-------- Provided material --------

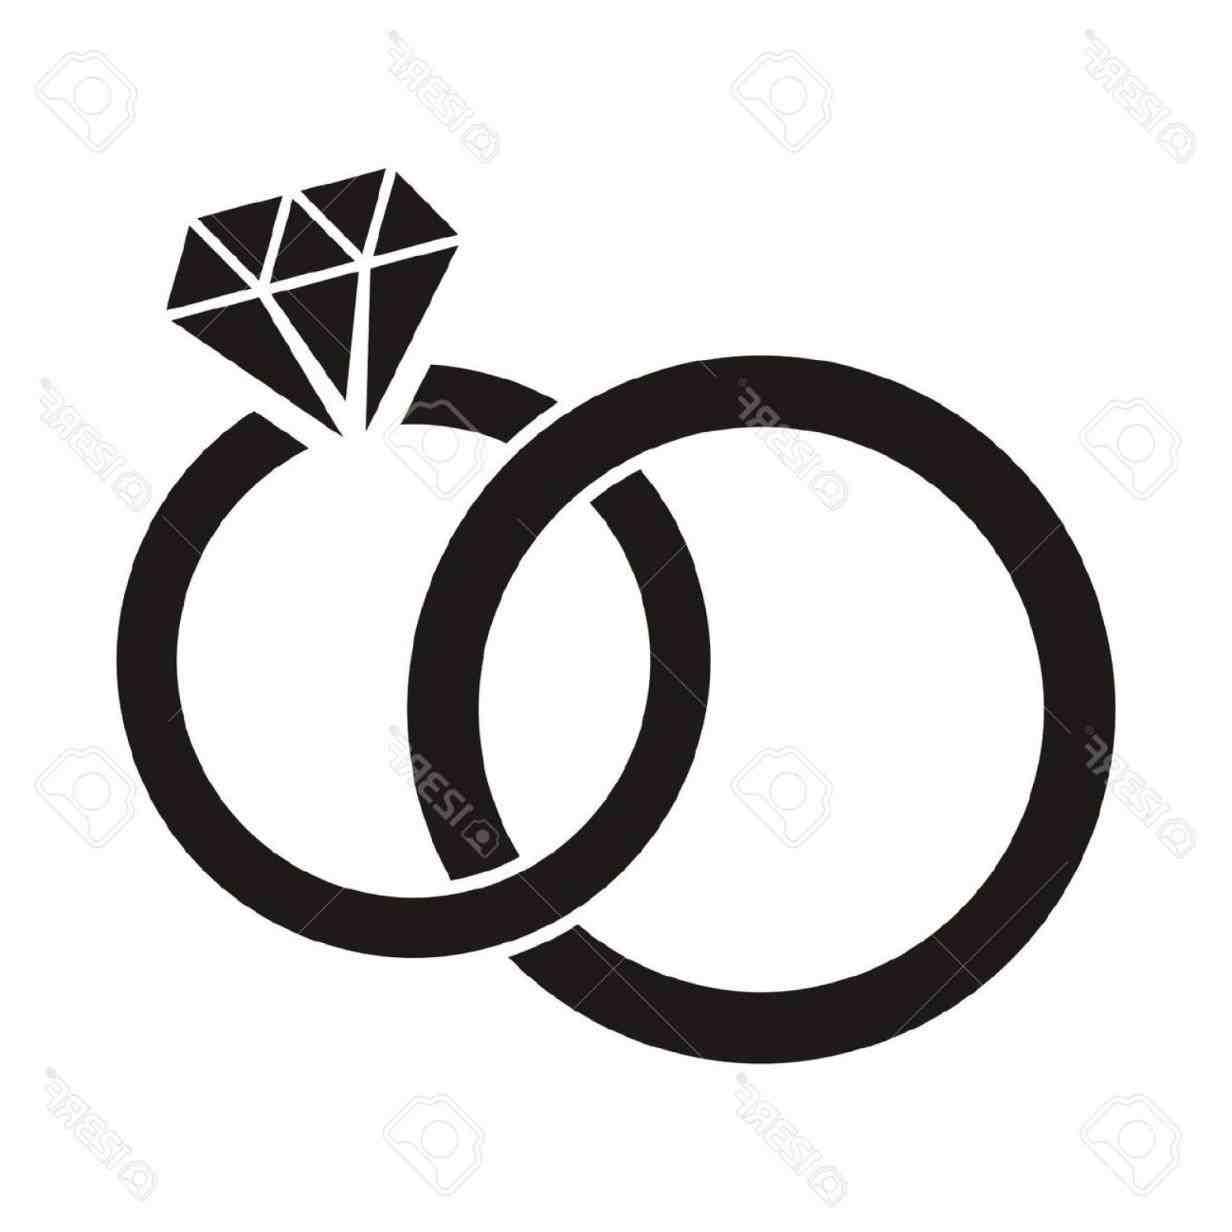 bridal silhouette clip art at getdrawings com free for personal rh getdrawings com
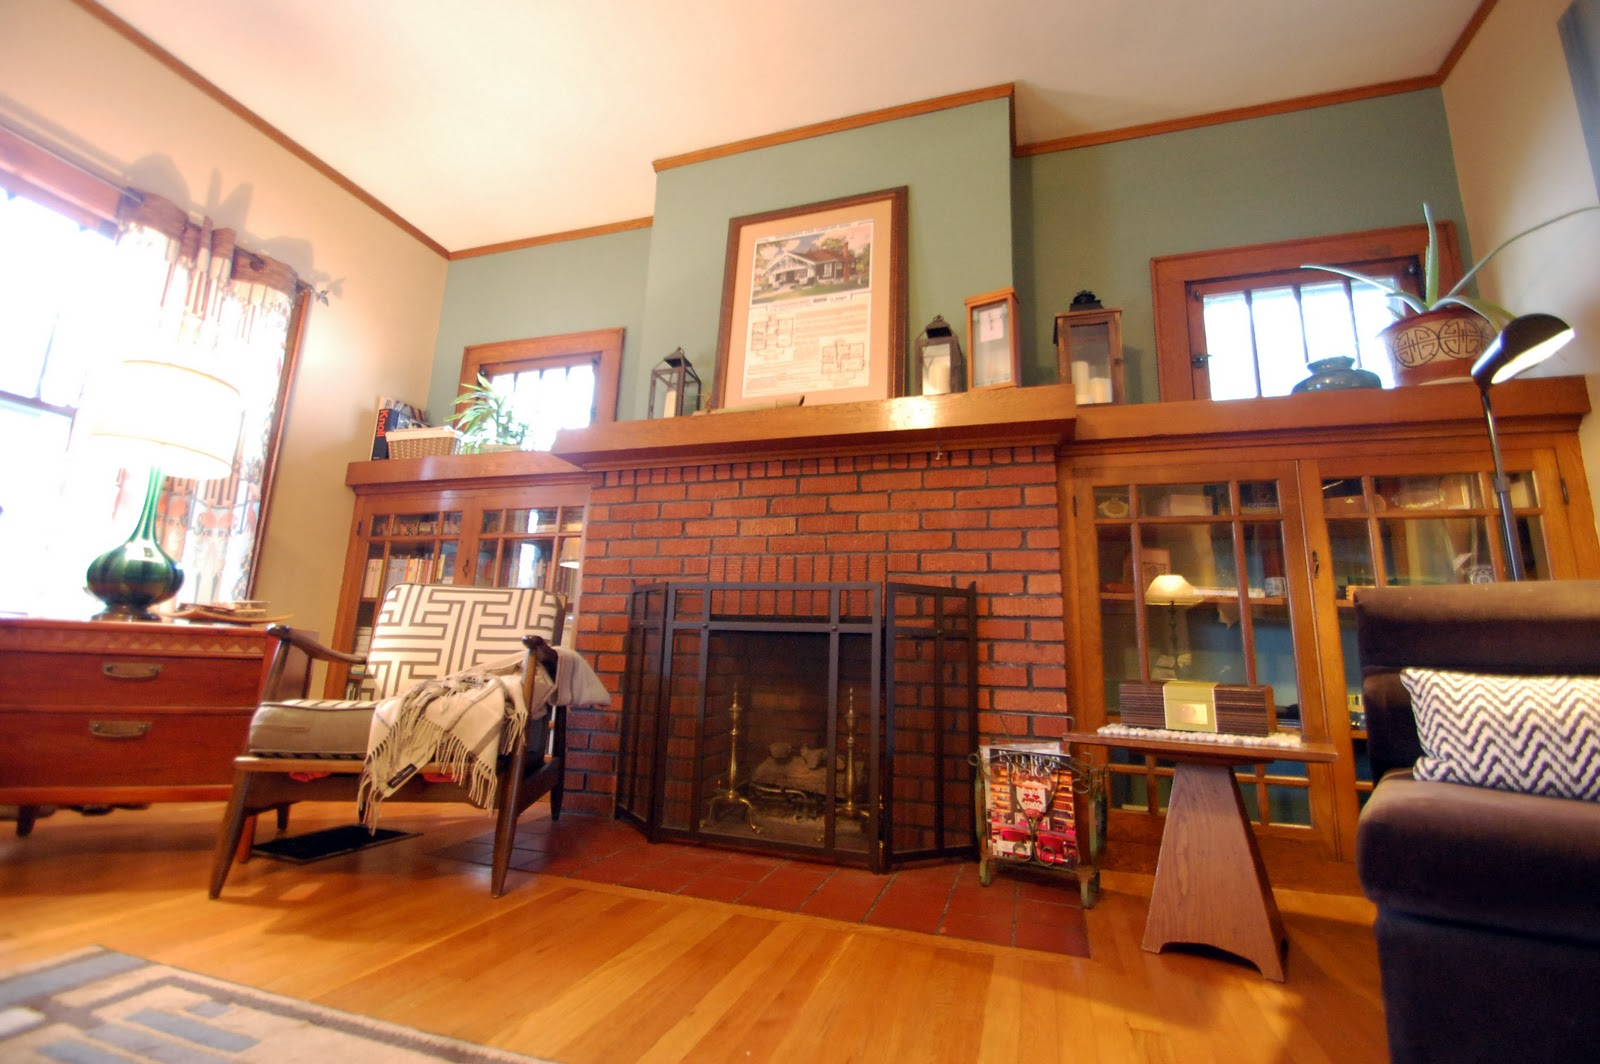 DIY On Pinterest Hollow Core Doors Interior Doors And Crafts
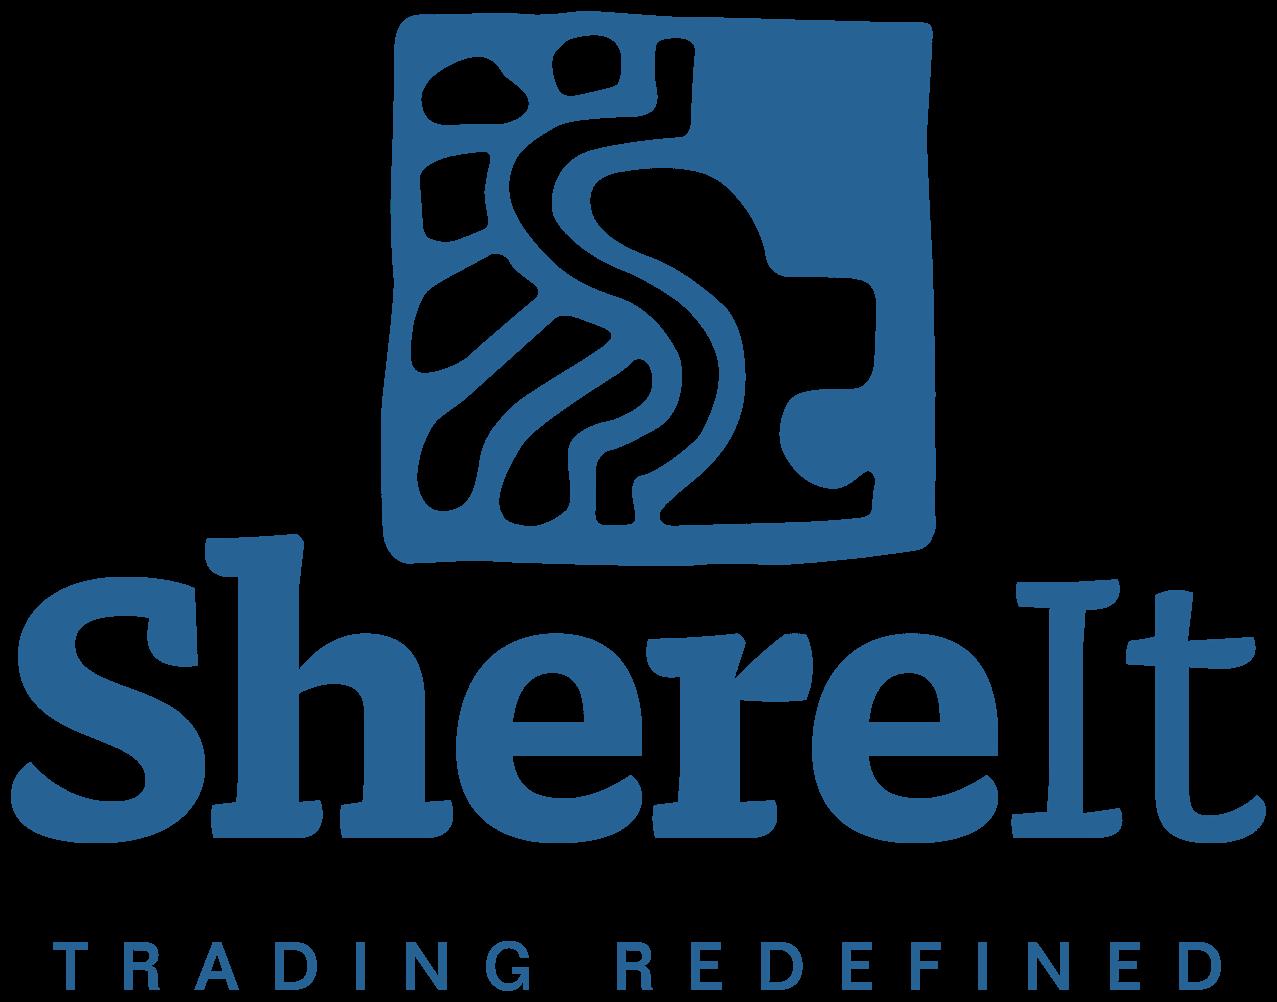 sherelt
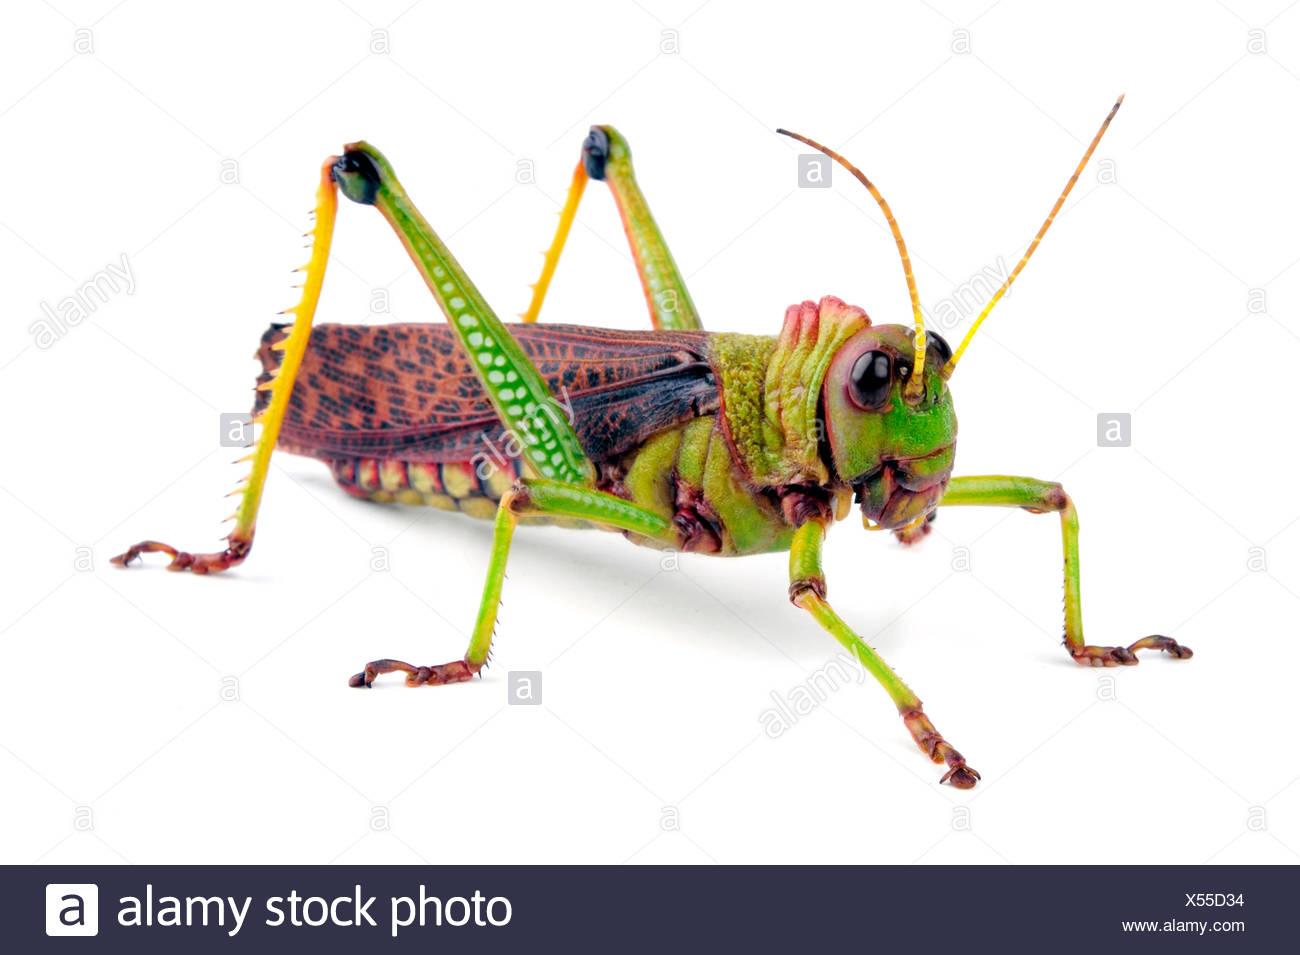 Suedamerikanische Riesenheuschrecke, Riesenheuschrecke (Tropidacris collaris), Freisteller | giant grasshopper (Tropidacris coll - Stock Image

--------

◆ To do ◆
What you give back must be exactly the lines of the listing above from the line containing "DIY On Pinterest" through its last line, inclusive, without pictures, please.

◆ Solution to the problem ◆
 DIY On Pinterest Hollow Core Doors Interior Doors And Crafts
 sherelt
 Suedamerikanische Riesenheuschrecke, Riesenheuschrecke (Tropidacris collaris), Freisteller | giant grasshopper (Tropidacris coll - Stock Image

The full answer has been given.